### [ABOUT THIS EXERCISE]
No pictures belong in the result; set down exactly the lines from the one containing "El enfrentamiento entre" through the final line of the listing, and nothing more.

### [COLLECTED MATERIAL]
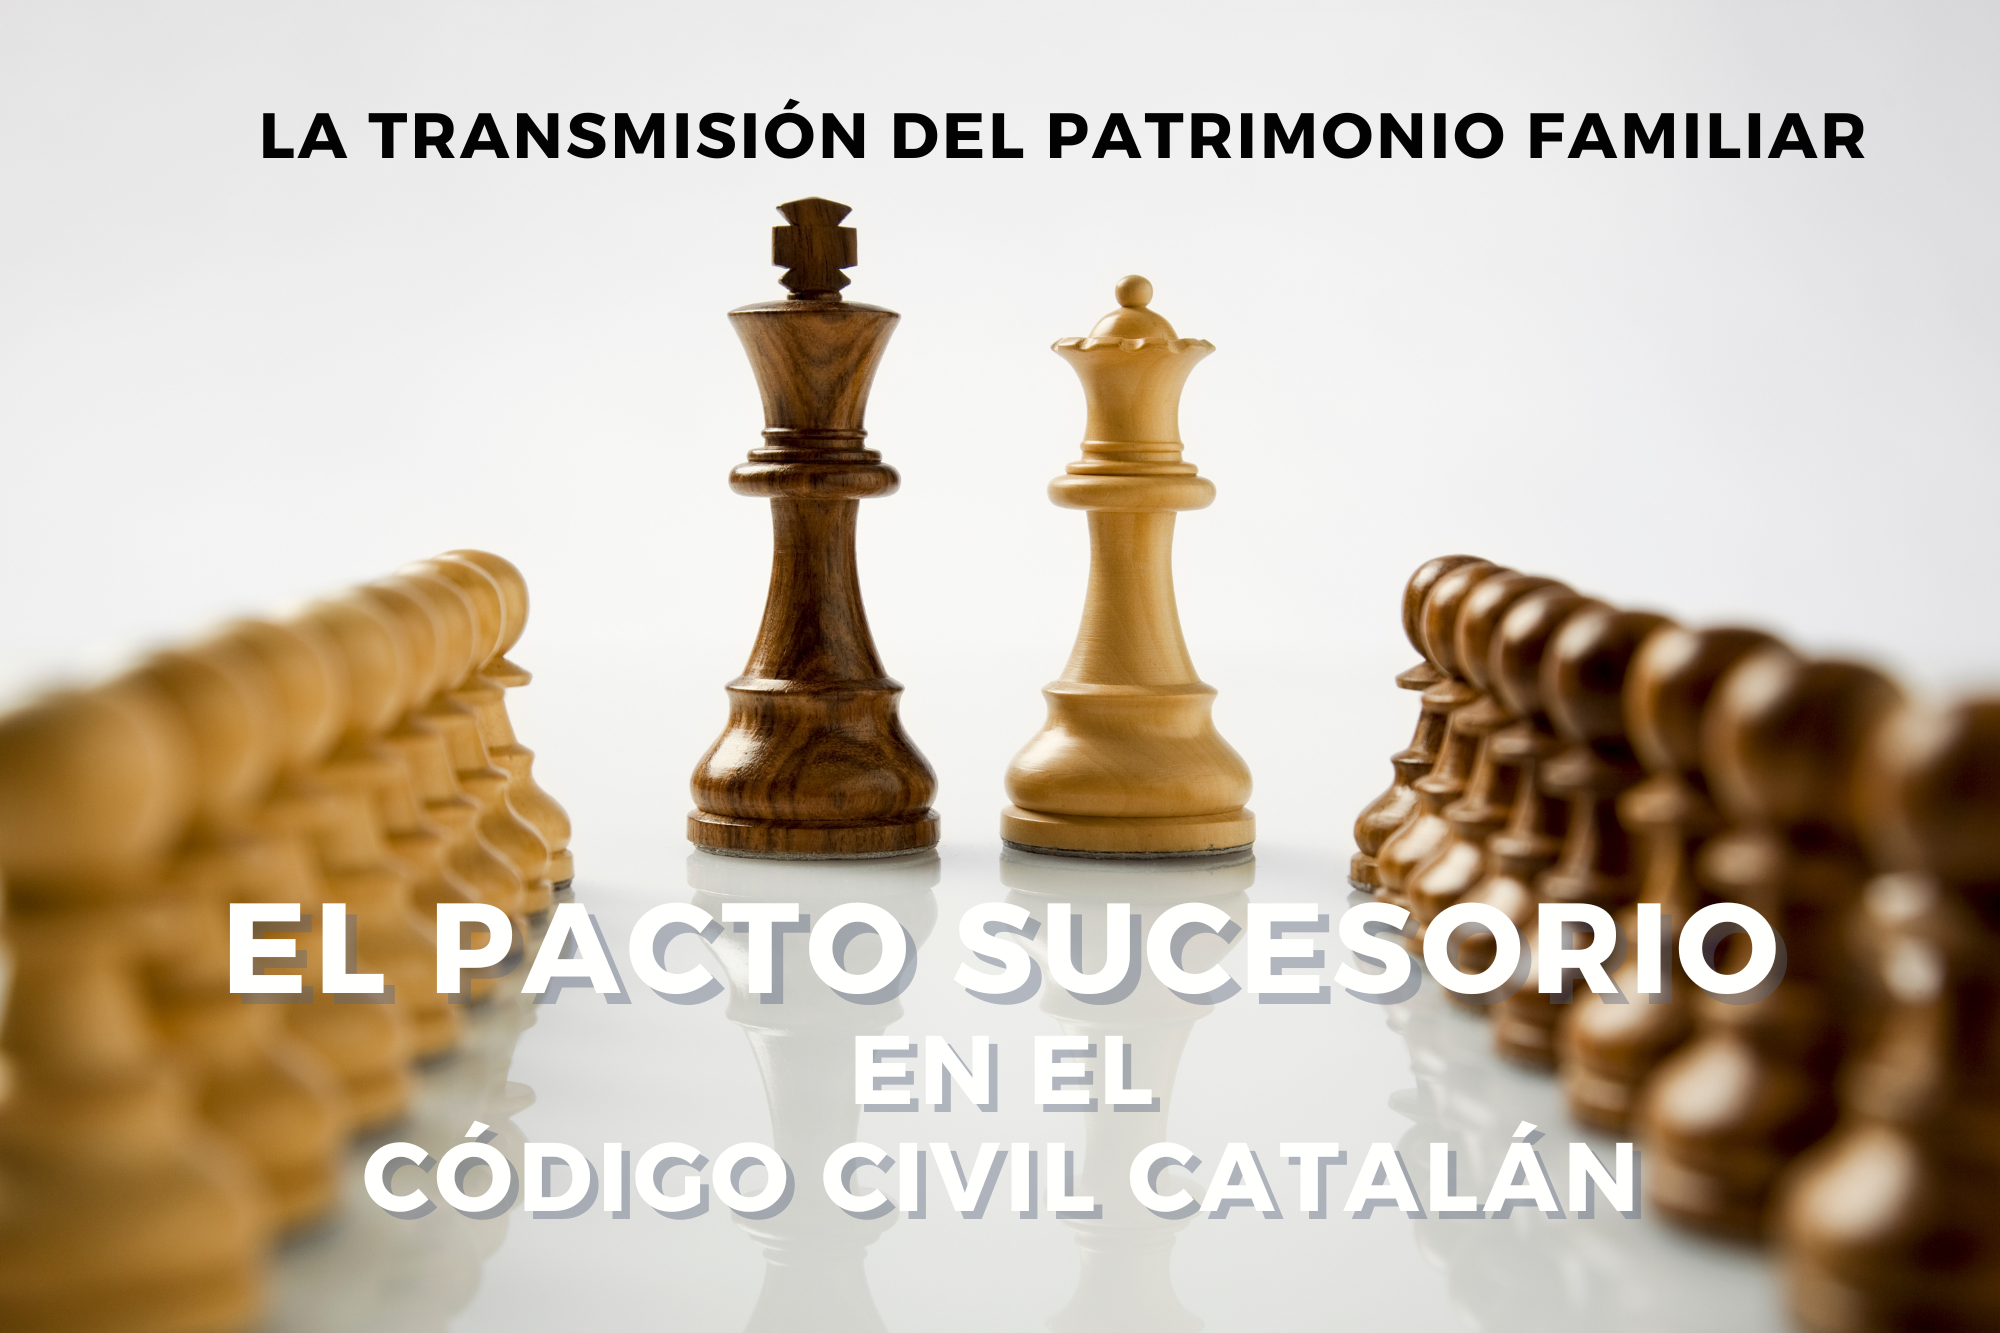 La Transmisión Del Patrimonio Familiar: El Pacto Sucesorio En El Código Civil Catalán.
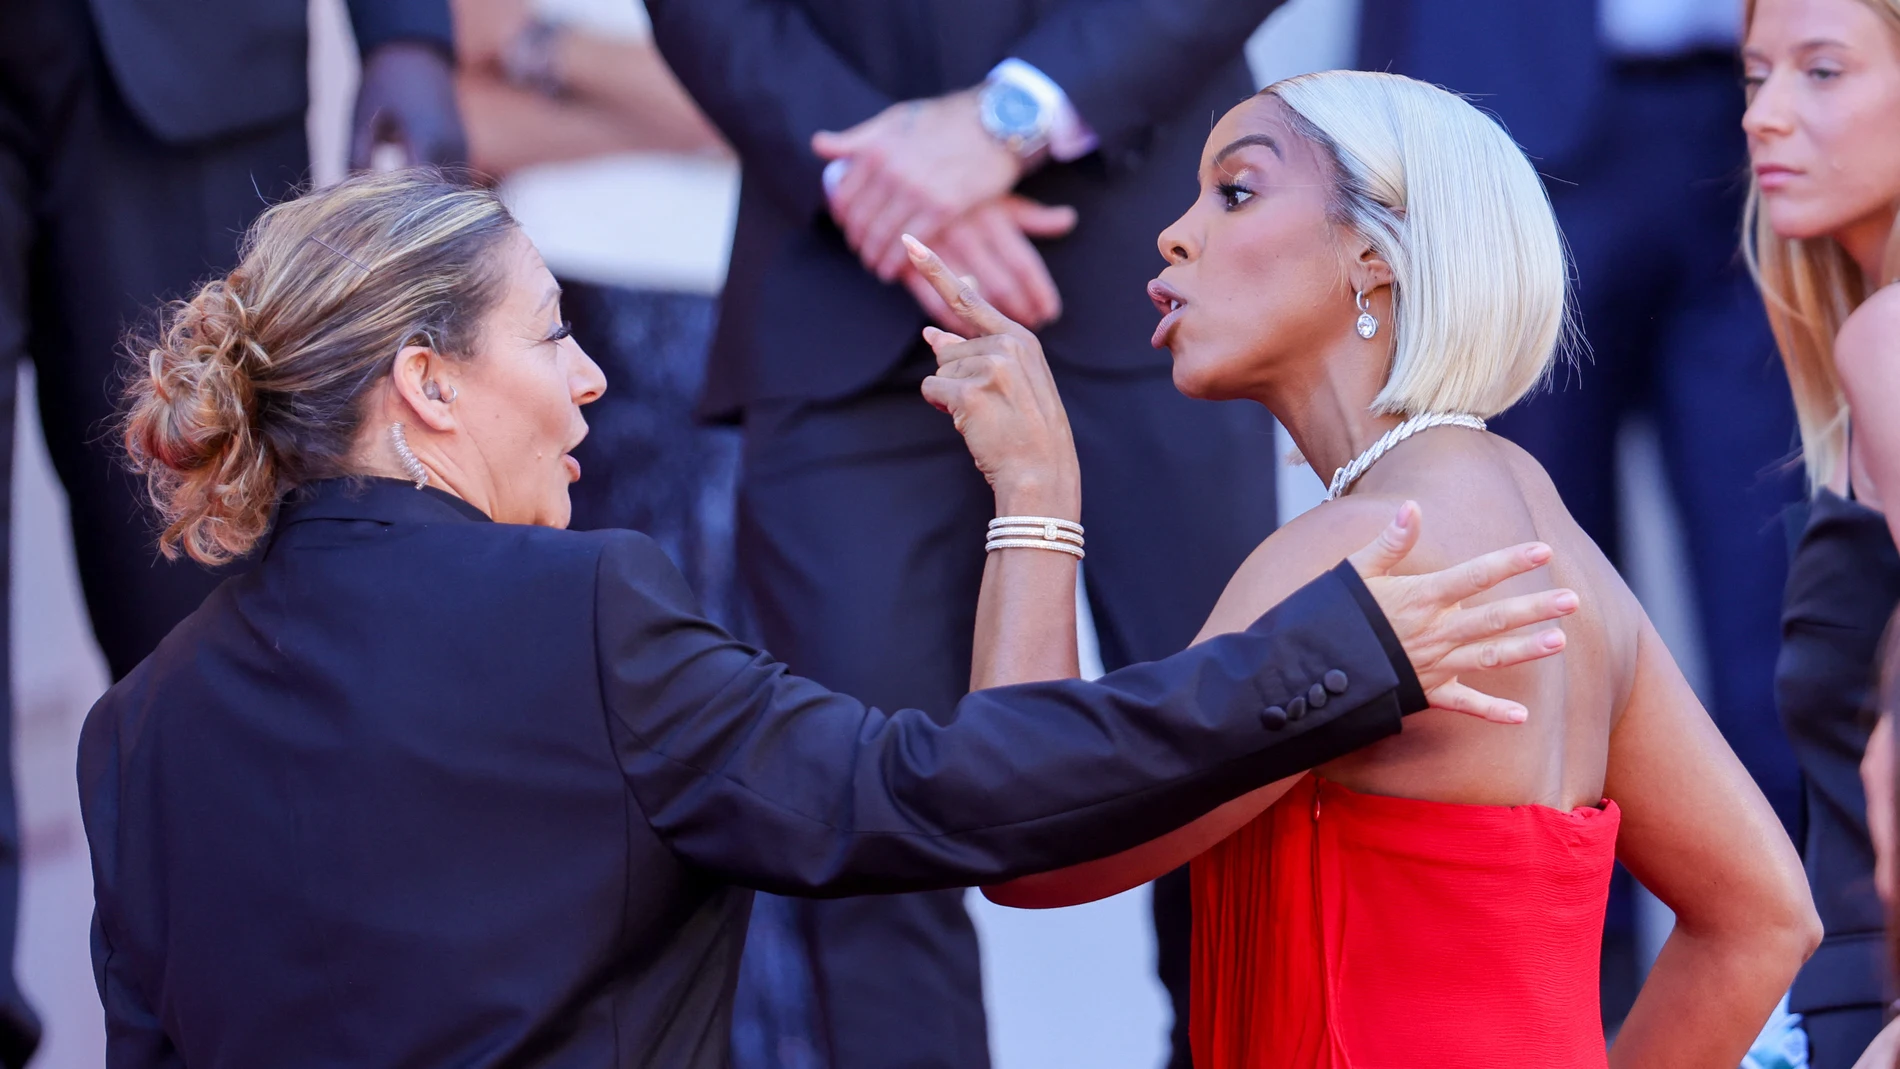 El enfrentamiento entre Kelly Rowland y una empleada de seguridad de Cannes
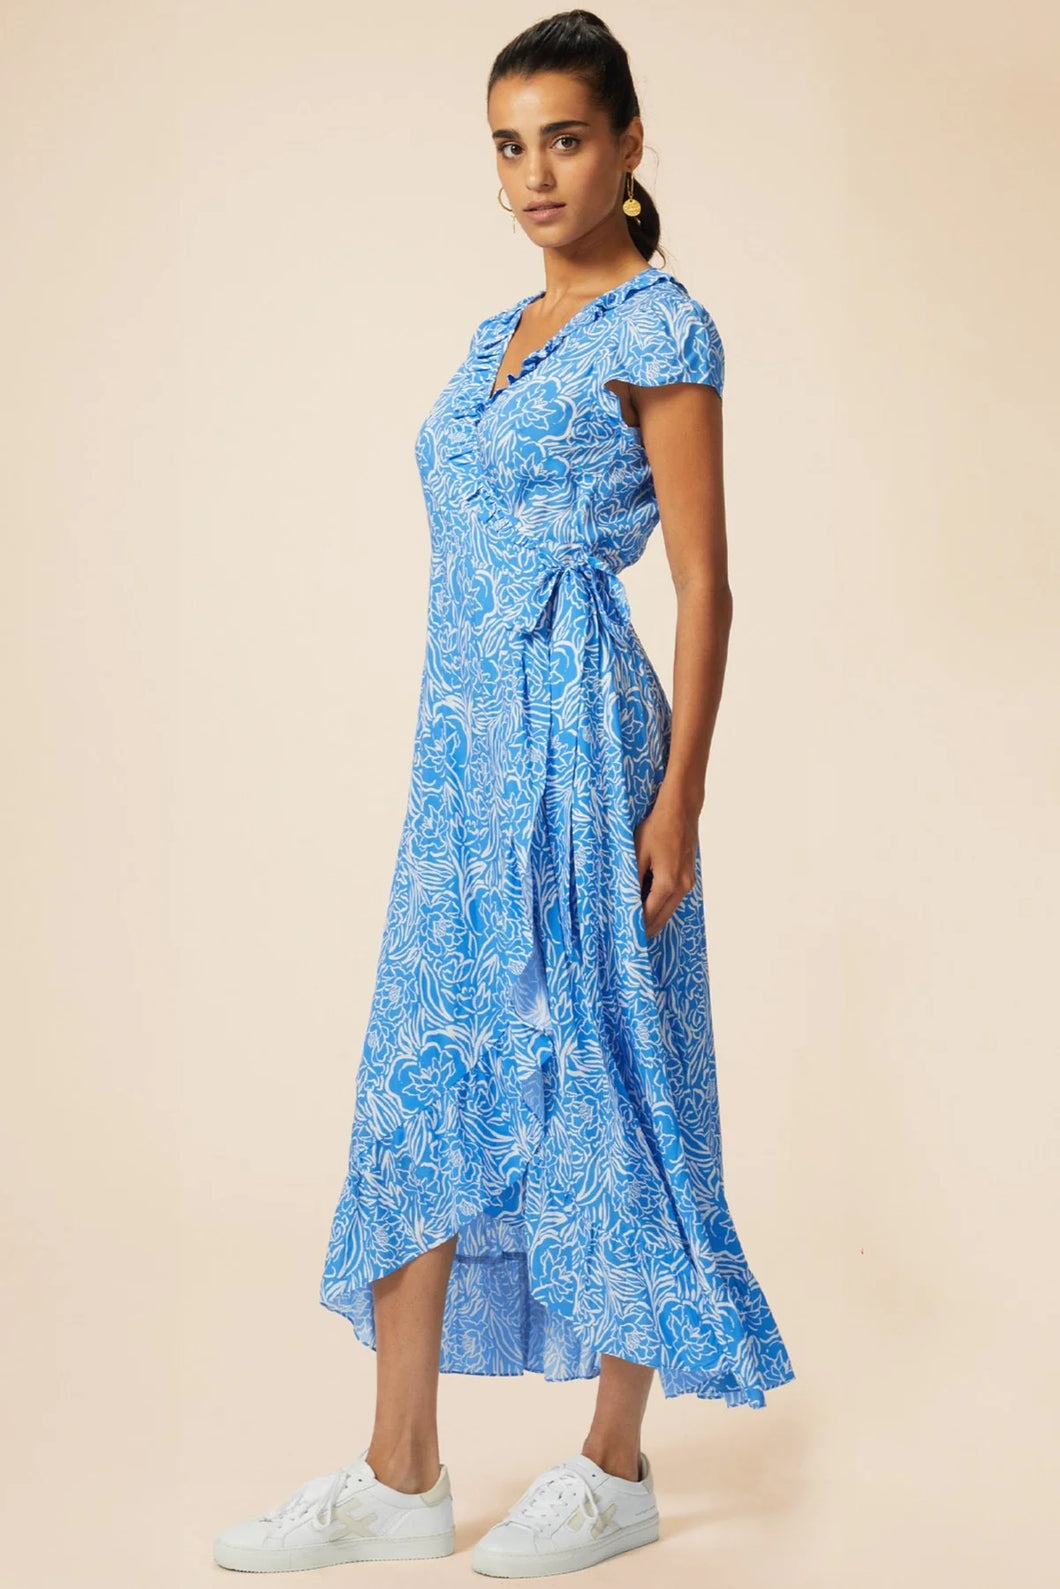 Aspiga Demi wrap Painted Floral print dress Blue/White

### [RESULT OF THE EXERCISE]
 El enfrentamiento entre Kelly Rowland y una empleada de seguridad de Cannes
 Aspiga Demi wrap Painted Floral print dress Blue/White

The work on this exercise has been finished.